------ Information provided
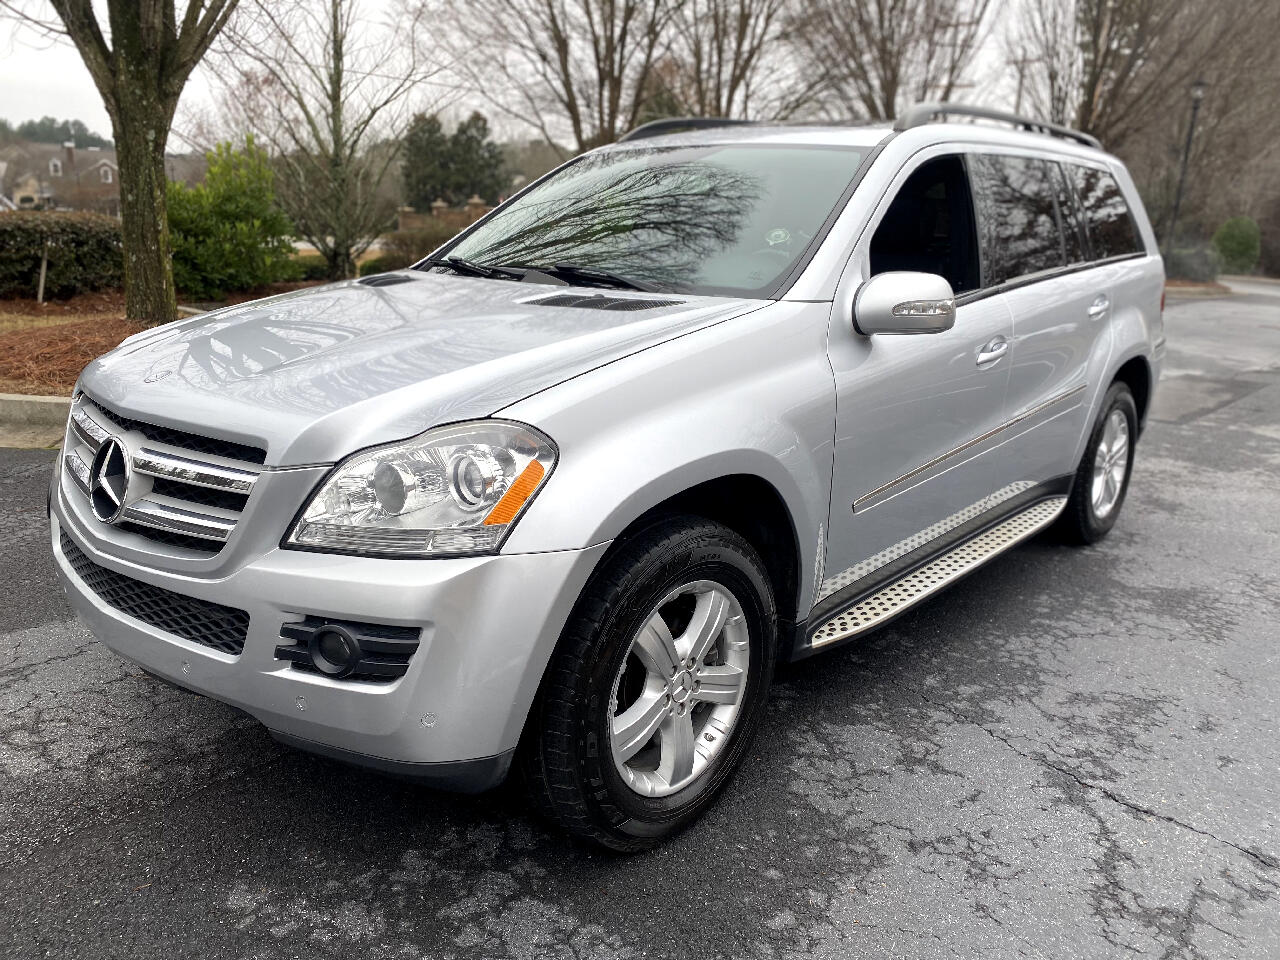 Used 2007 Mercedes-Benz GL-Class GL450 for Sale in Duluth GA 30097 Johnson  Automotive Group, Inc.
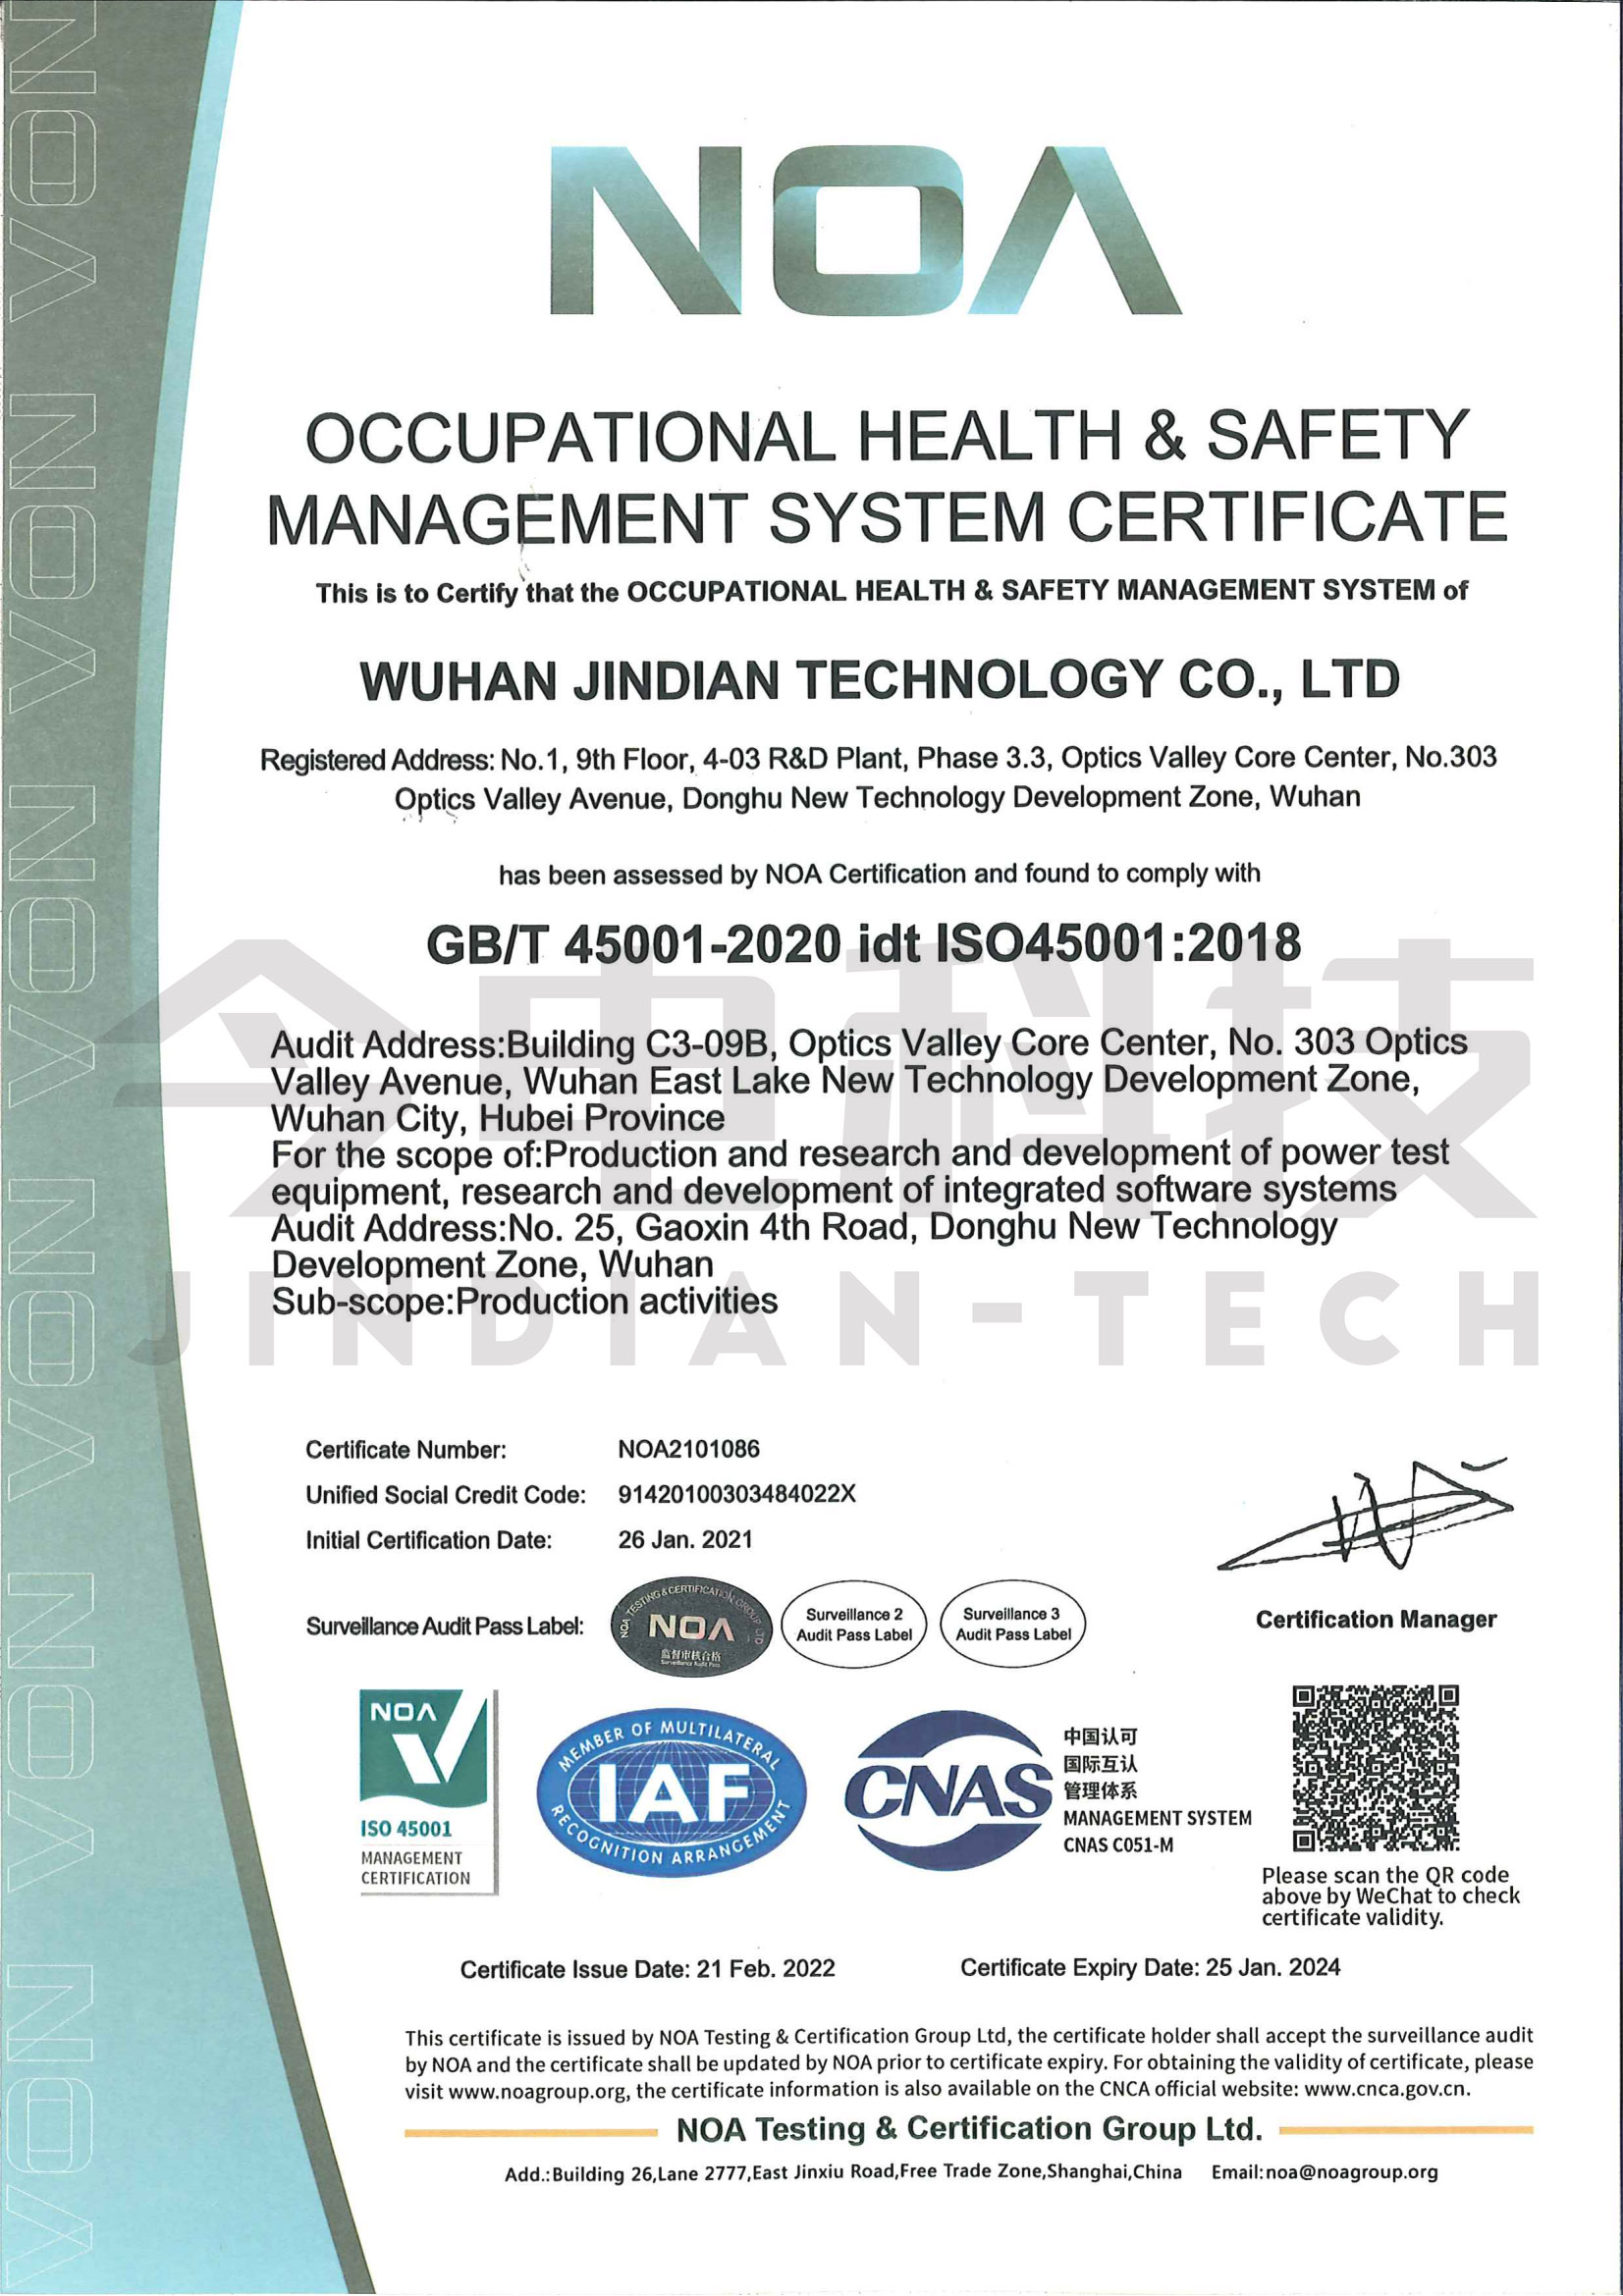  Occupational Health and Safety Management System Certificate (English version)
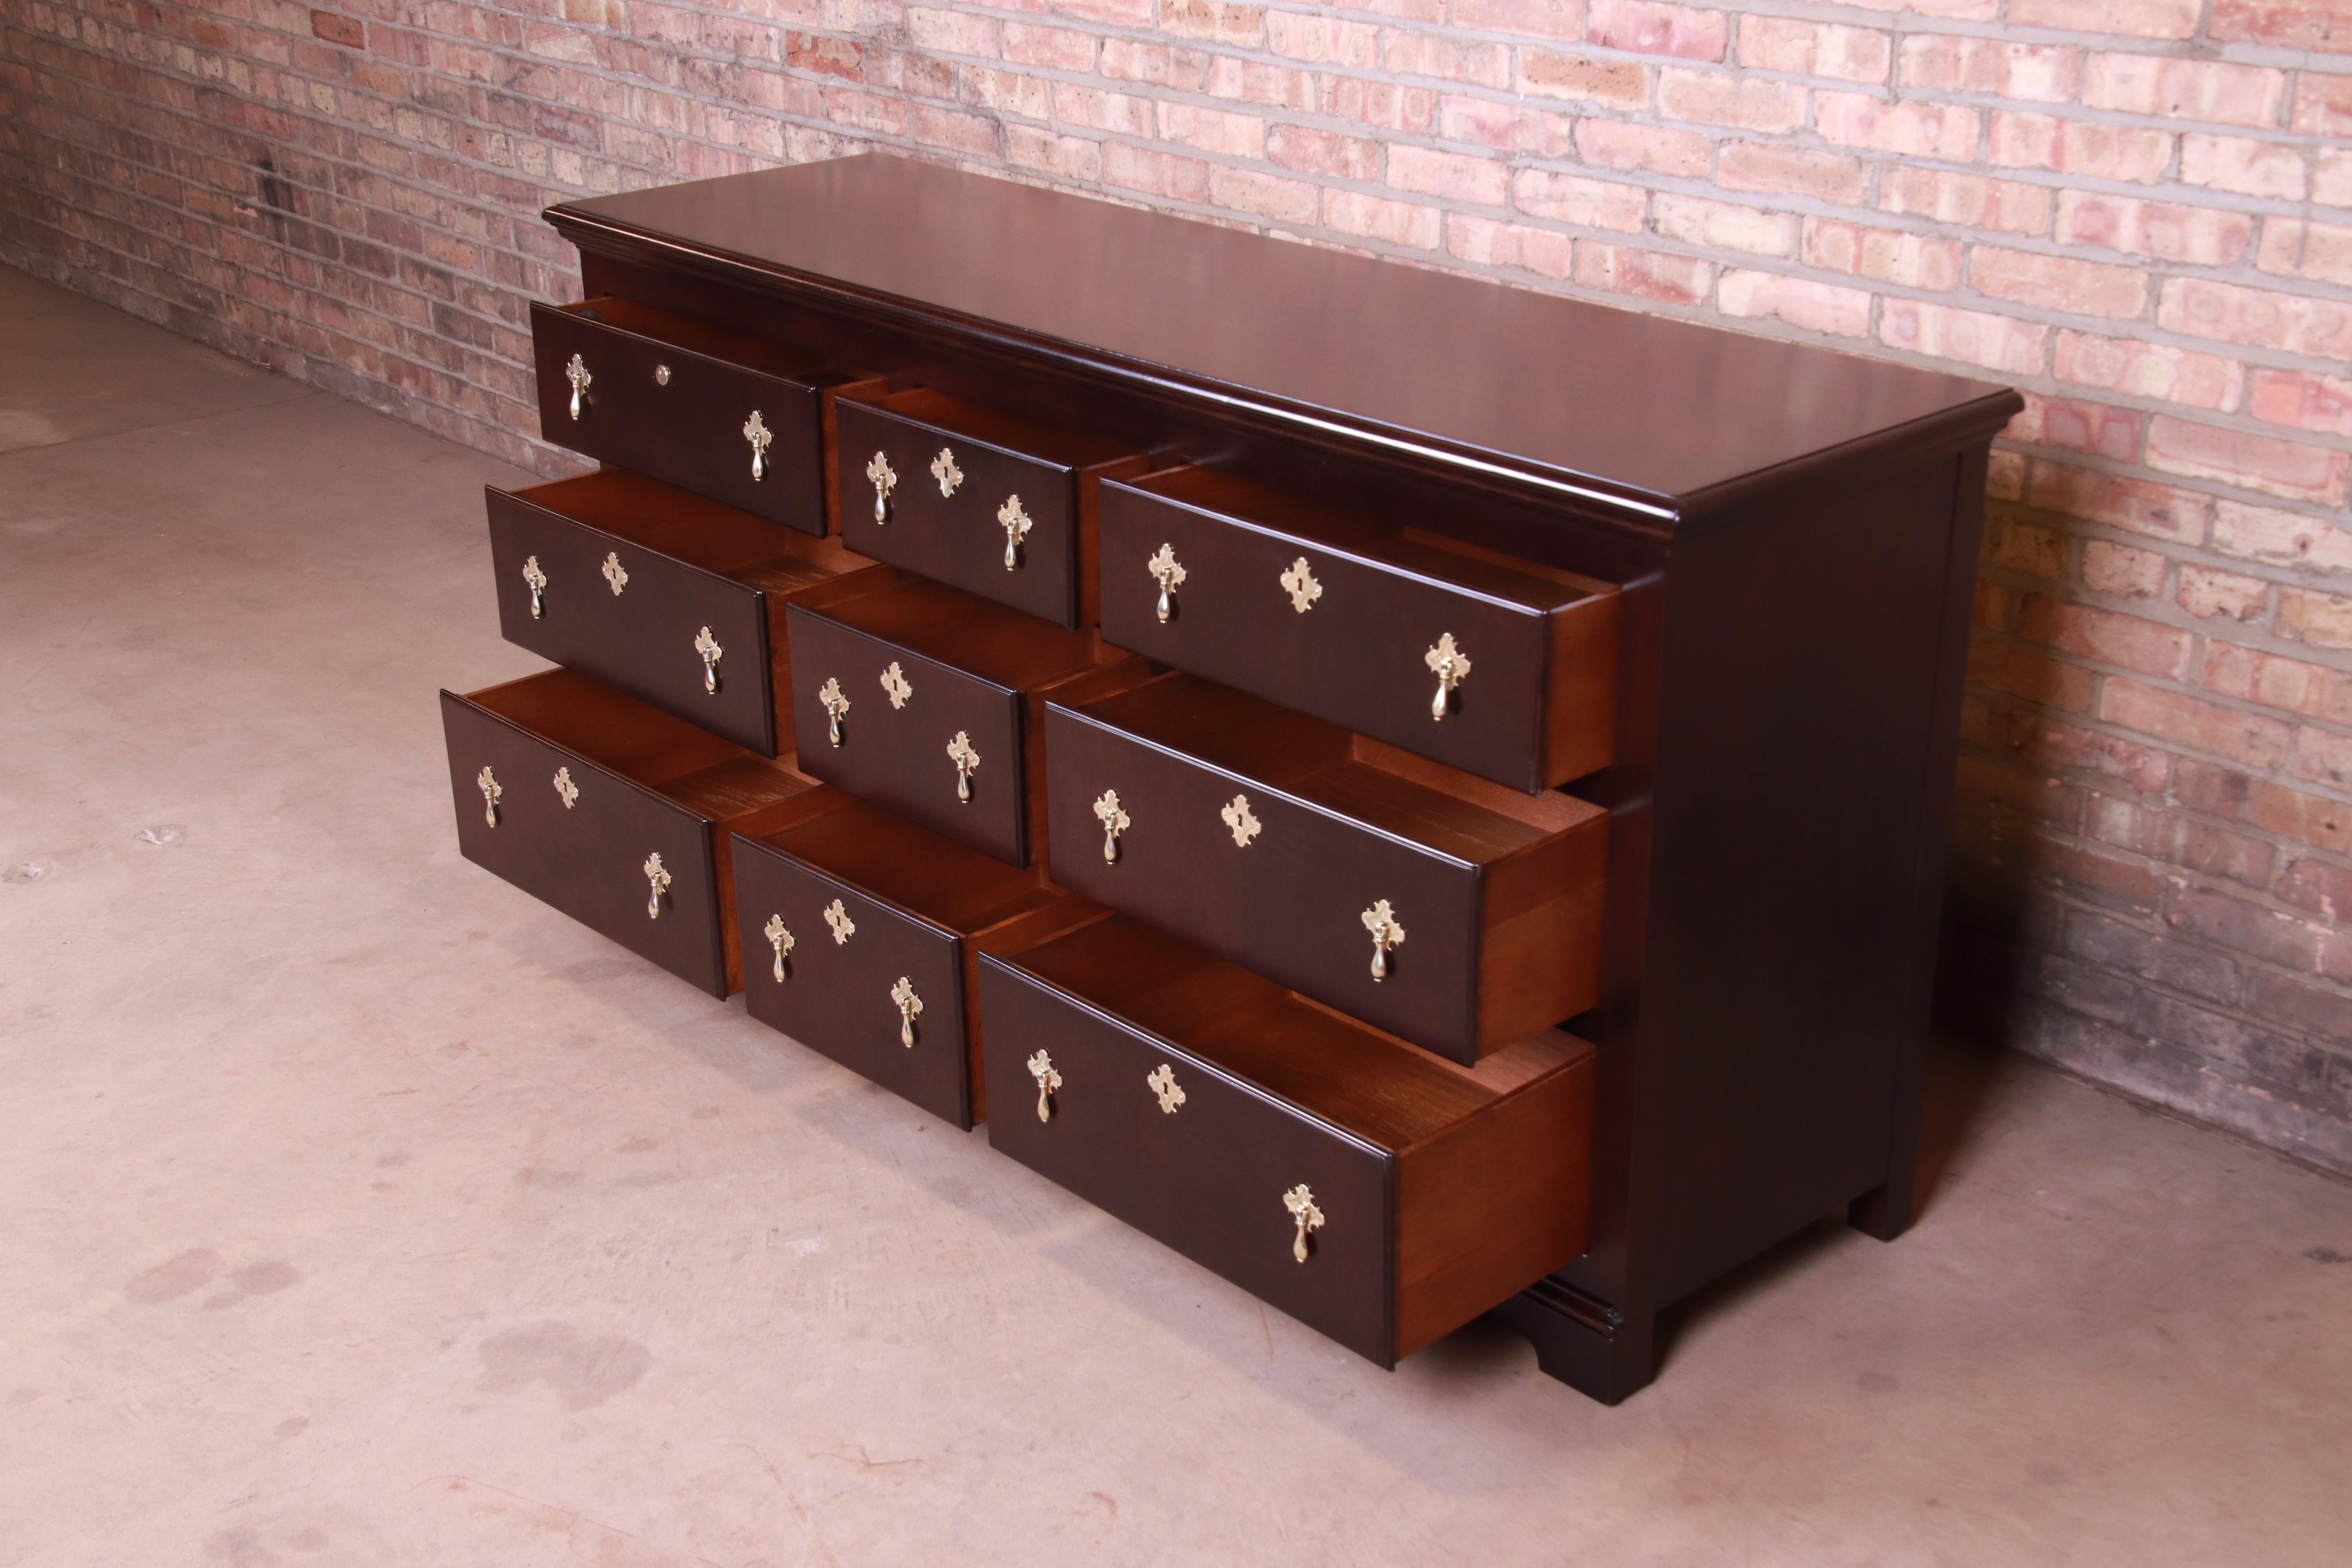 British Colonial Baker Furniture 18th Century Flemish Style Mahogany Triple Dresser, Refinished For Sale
------------
#### Required work:
Only an exact copy of the lines from the one with "Occupational Health and" through the last line of the data above is wanted, and no pictures.

#### Answer to this exercise:
  Occupational Health and Safety Management System Certificate (English version)
 British Colonial Baker Furniture 18th Century Flemish Style Mahogany Triple Dresser, Refinished For Sale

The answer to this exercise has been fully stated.